Nunc Dimittis Bruce Glick - Poultry Science
●Bruce Glick
Bruce Glick, accomplished researcher, teacher, and administrator, died February 19, 2009. He was born May 5, 1927 in Pittsburgh, Pennsylvania. An interest in birds led him to the Poultry Science Department at Rutgers University after completing military service during Word War II. He followed his undergraduate education with a MS at the University of Massachusetts, and he completed a PhD at The Ohio State University in 1955.
https://ps.oxfordjournals.org/content/88/5/1129.full.pdf
現代免疫物語―花粉症や移植が教える生命の不思議 岸本忠三・中嶋彰/著 ブルーバックス 2007年発行
グリックの失敗 (一部抜粋しています)
私たちは今でこそ、免疫の主役を担うB細胞とT細胞がどこで生まれて育ち、これらがいかに精緻で巧みな連携プレーをするかを知っている。

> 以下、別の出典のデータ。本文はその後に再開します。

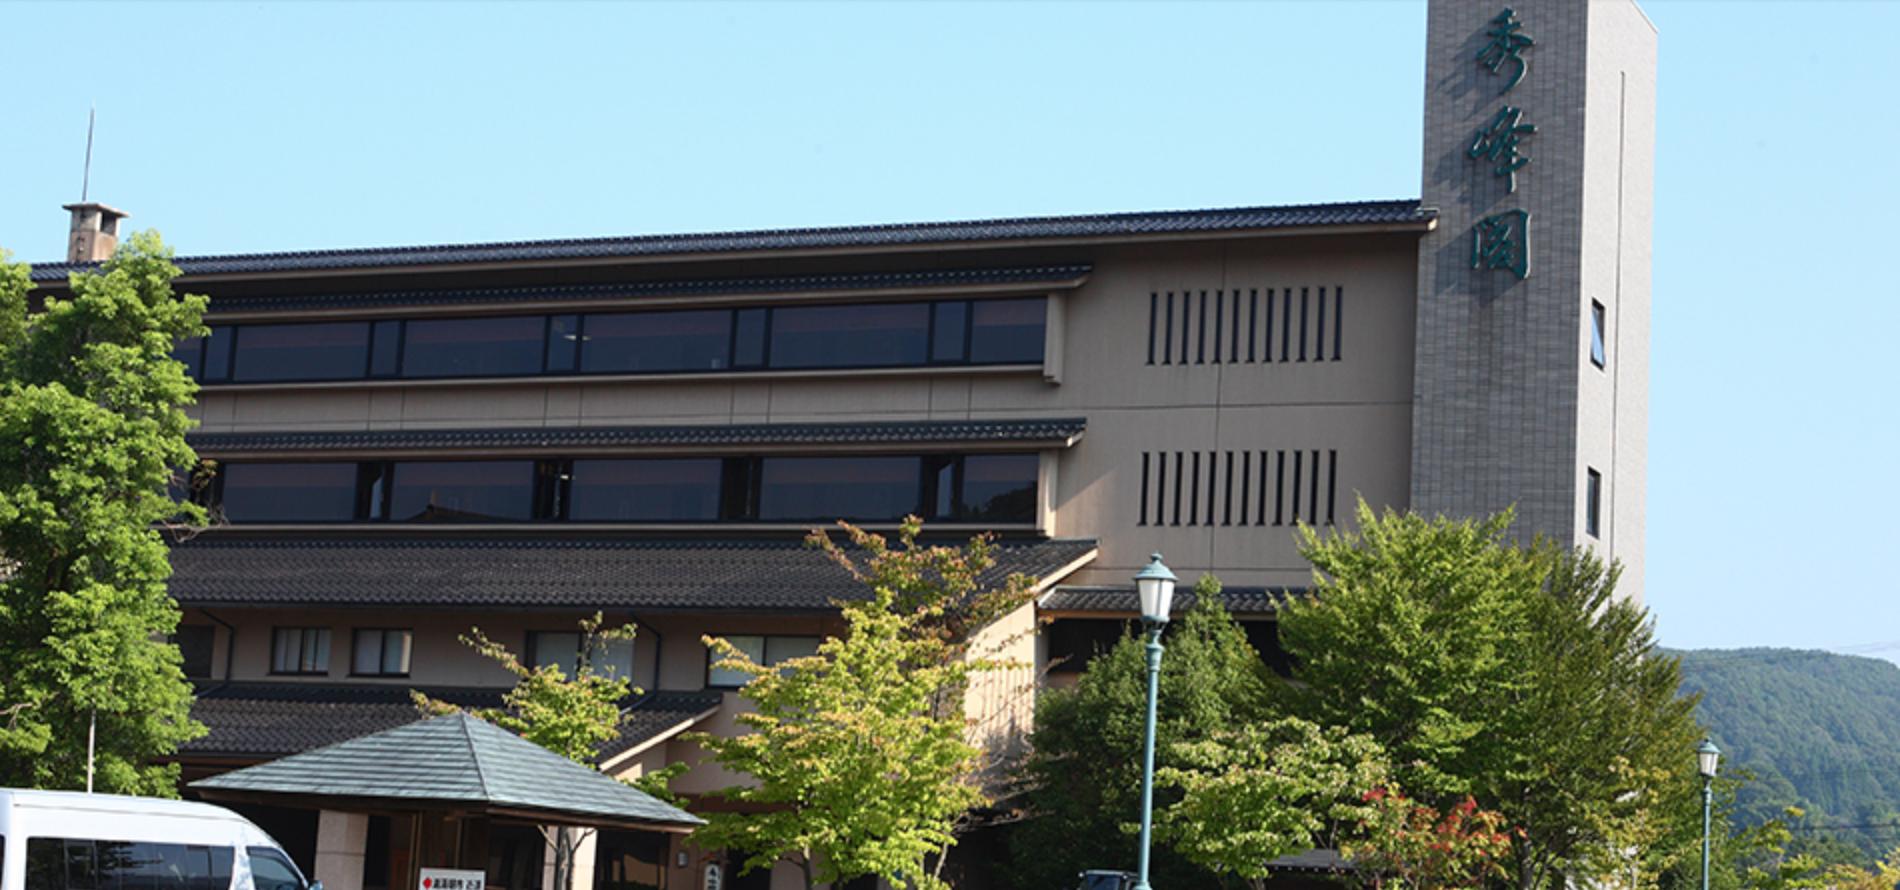 「新右ヱ門 秀峰閣」が3月17日で閉店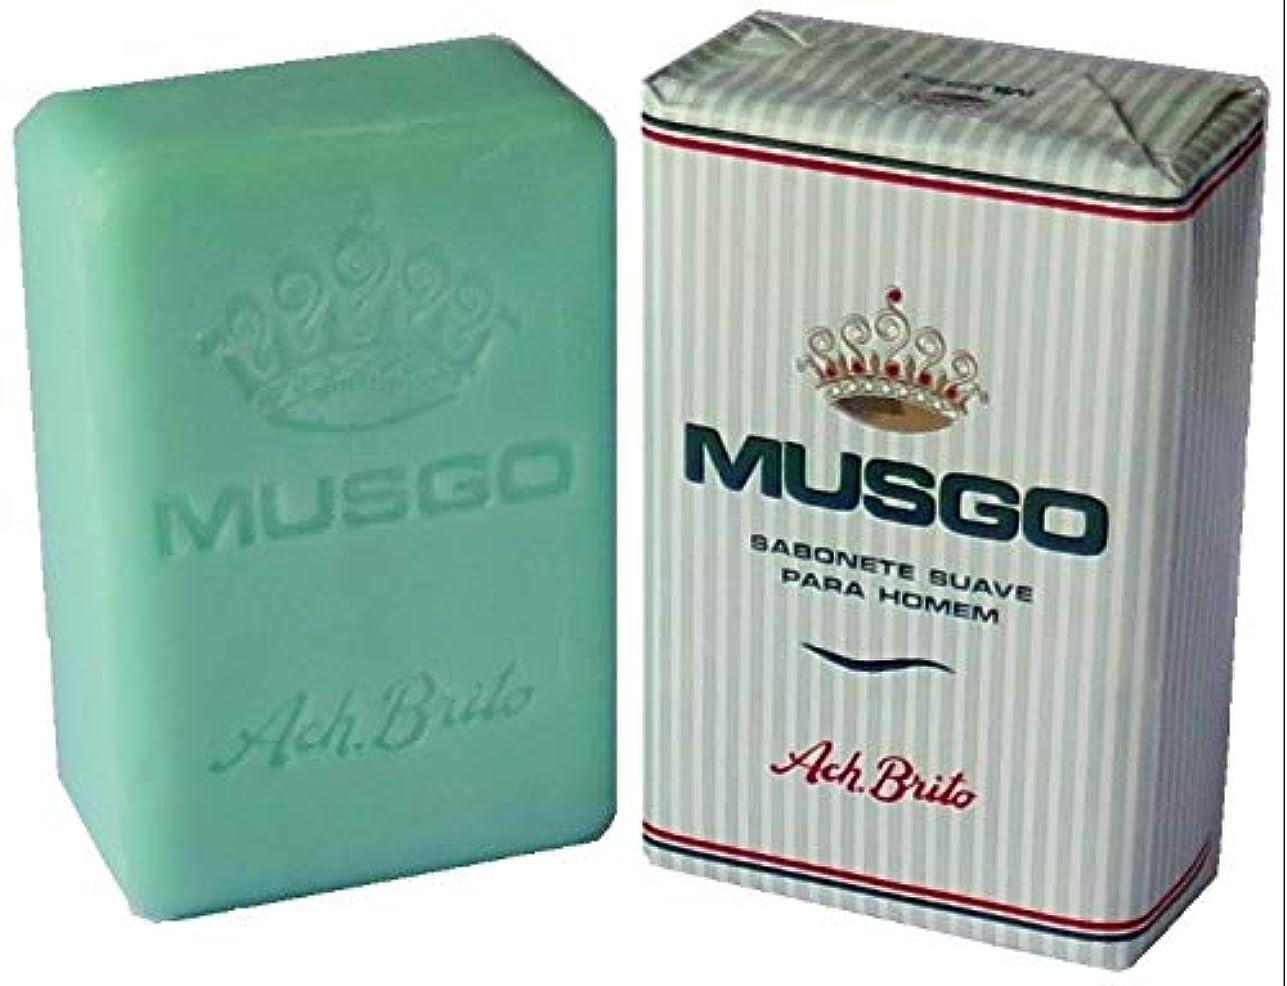 成長するボード泣いているMusgo Real Body Soap 「ロイヤルモス」 ボディソープバー 160g [並行輸入品]

B細胞の「B」は骨髄(Bone marrow)の「B」。骨の中の骨髄で誕生するB細胞は、外部から侵入してきた病原体と戦い抗体を作り出す。ただしB細胞は自分だけでは抗体は生み出せない。B細胞が抗体を作るにはヘルパーT細胞の助けを借りなければいけない。
T細胞の生れる場所もB細胞と同じ骨髄だ。しかし育つ場所は違う。T細胞は生まれるとすぐ胸腺に送られ、そこで厳しい選別を受けて、免疫の司令塔といわれるヘルパーT細胞や、殺戮細胞のキラーT細胞へと育っていく。T細胞の「T」は胸腺(Thymus)の頭文字の「T」のことだ。
だが、20世紀半ば過ぎの科学者たちは、こんな全部を知る由もない。彼らは免疫が織りなす複雑なさまに驚き、悩み、熟慮し、辛抱強く実験を重ね、免疫のミステリーを一つ一つ、丹念に解き明かしていった。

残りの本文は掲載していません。